- [Work instruction] From the listing that follows, output everything exactly except the pictures.

- [Given information]
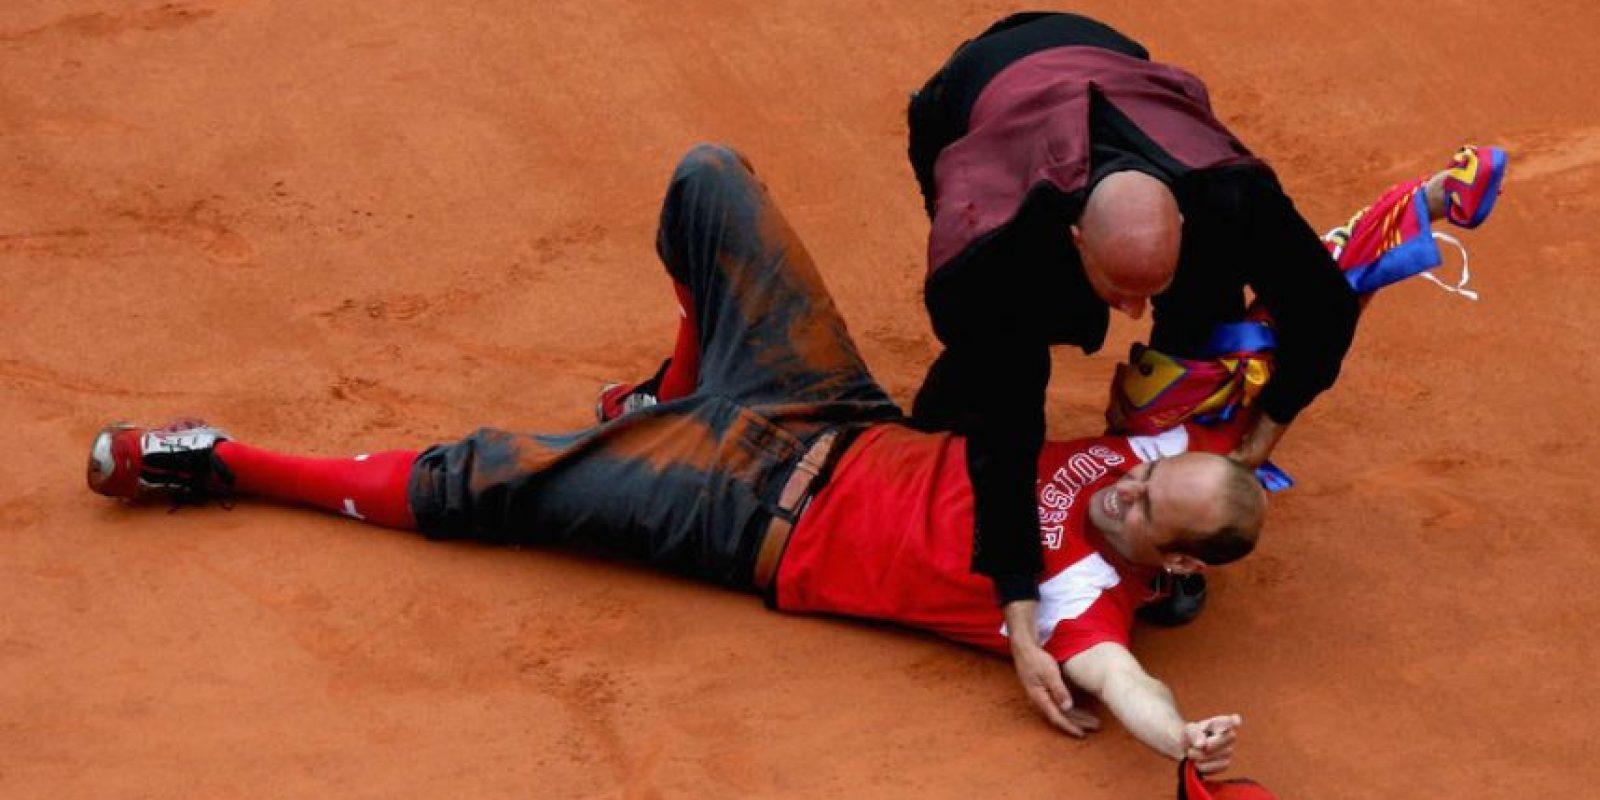 Así terminó Jimmy Jump en la tierra batida de Roland Garros. Foto:Getty Images
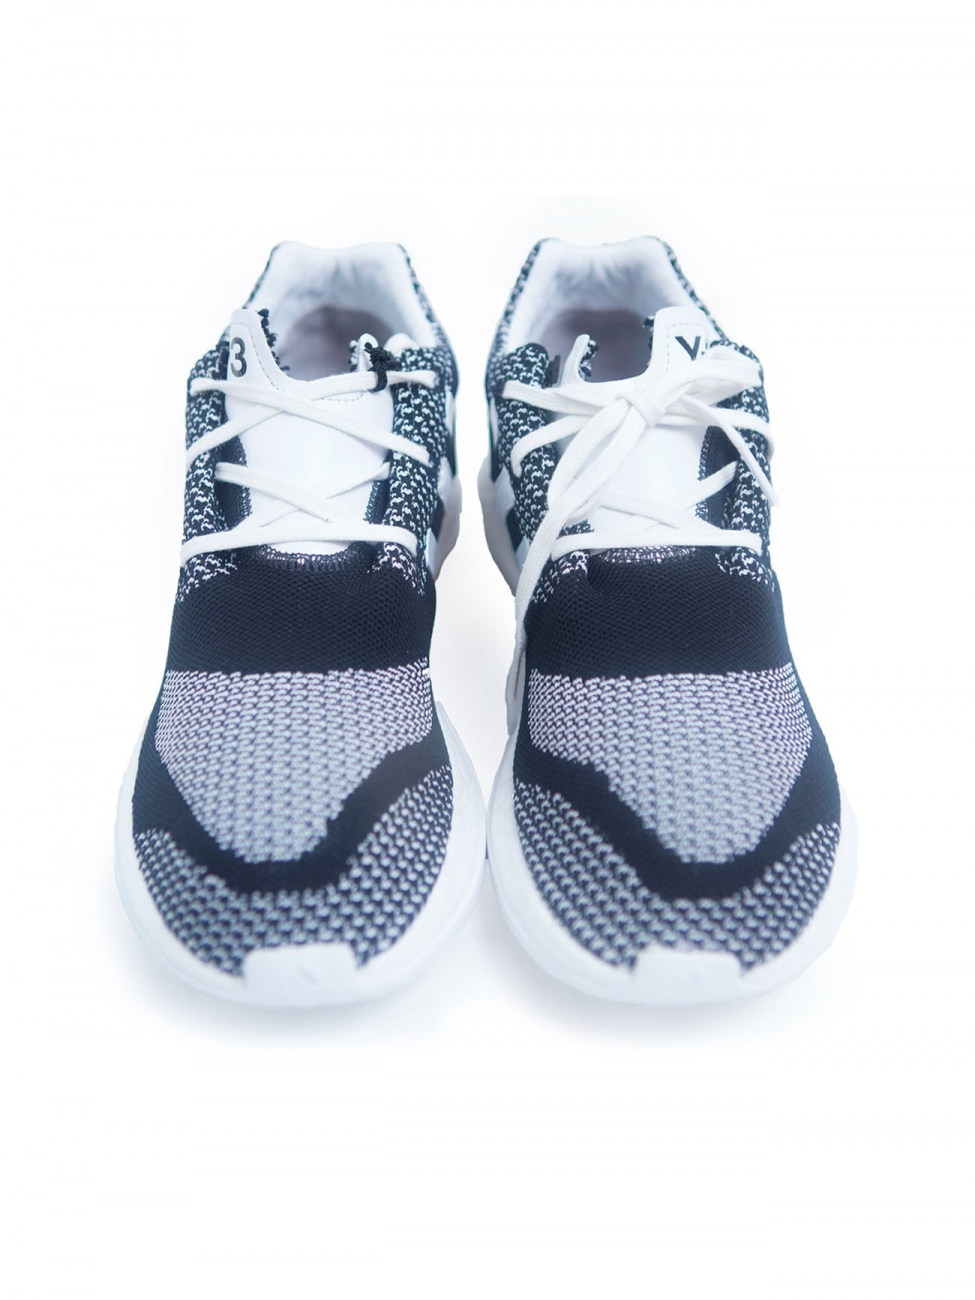 5f33ab960 Adidas Y3 Pure Boost Zg Knit Black White los-granados-apartment.co.uk
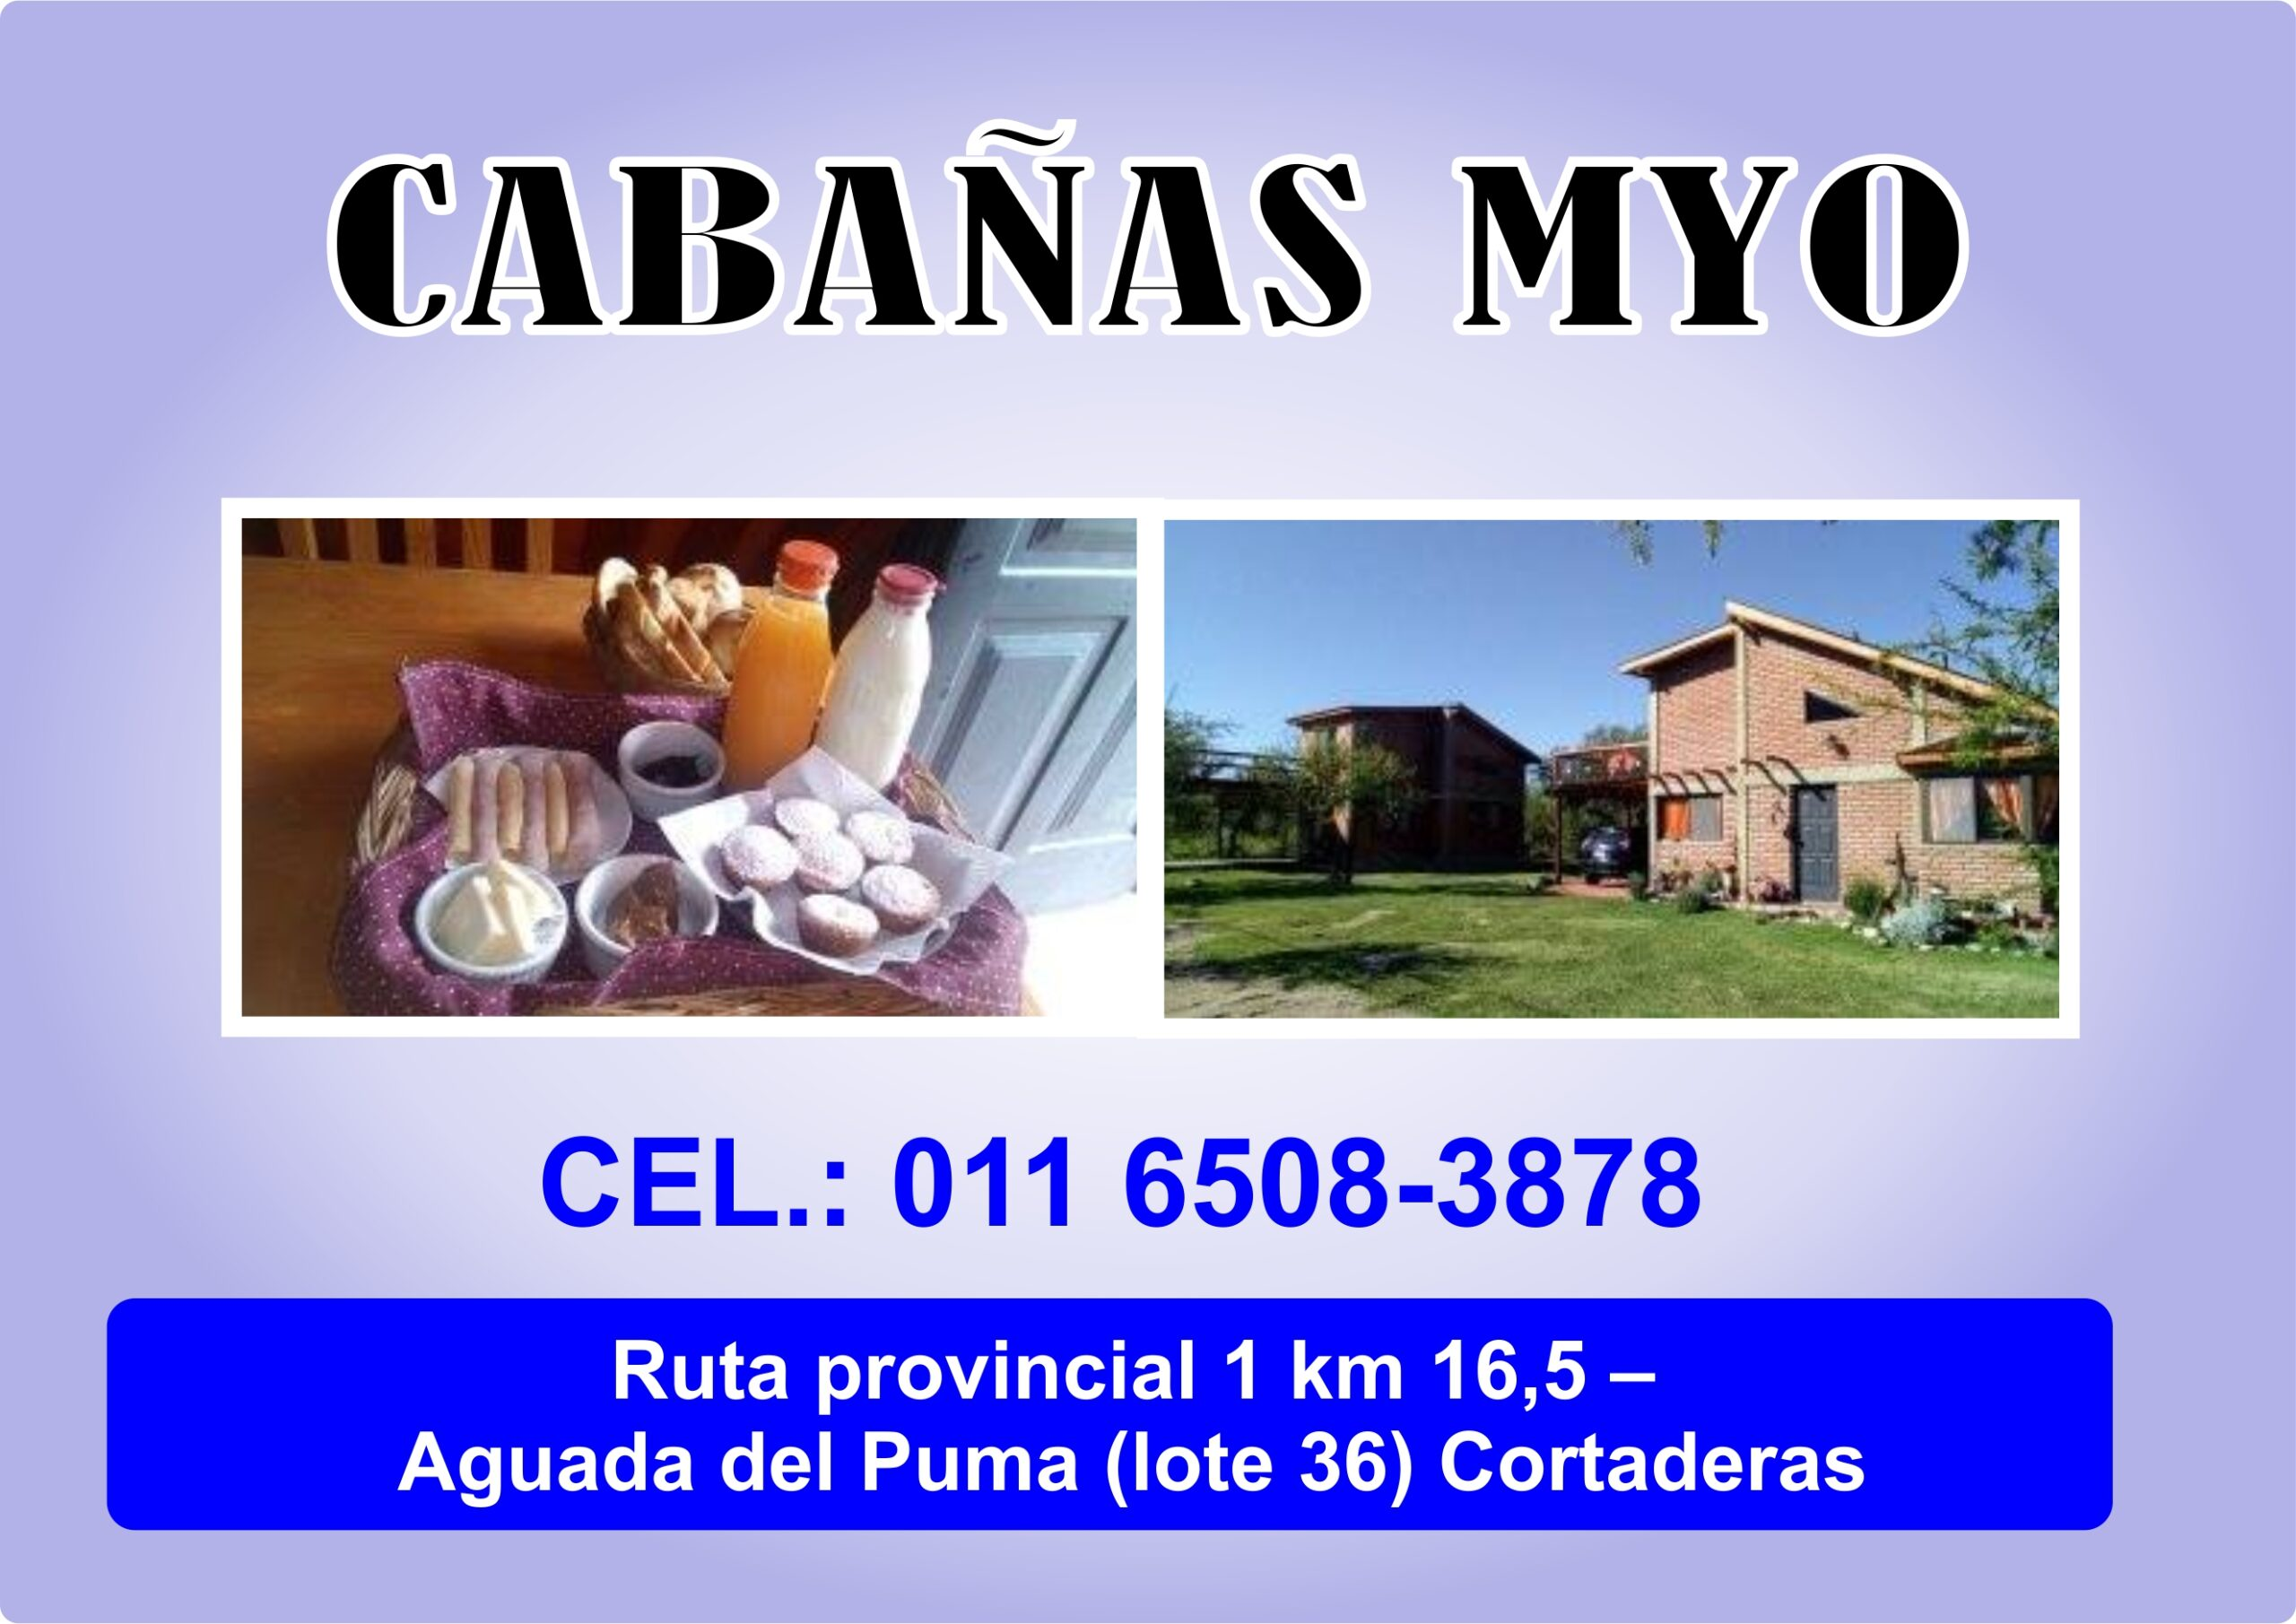 Cabañas MyO

- [Reply to the exercise]
 Así terminó Jimmy Jump en la tierra batida de Roland Garros. Foto:Getty Images
 5f33ab960 Adidas Y3 Pure Boost Zg Knit Black White los-granados-apartment.co.uk
 Cabañas MyO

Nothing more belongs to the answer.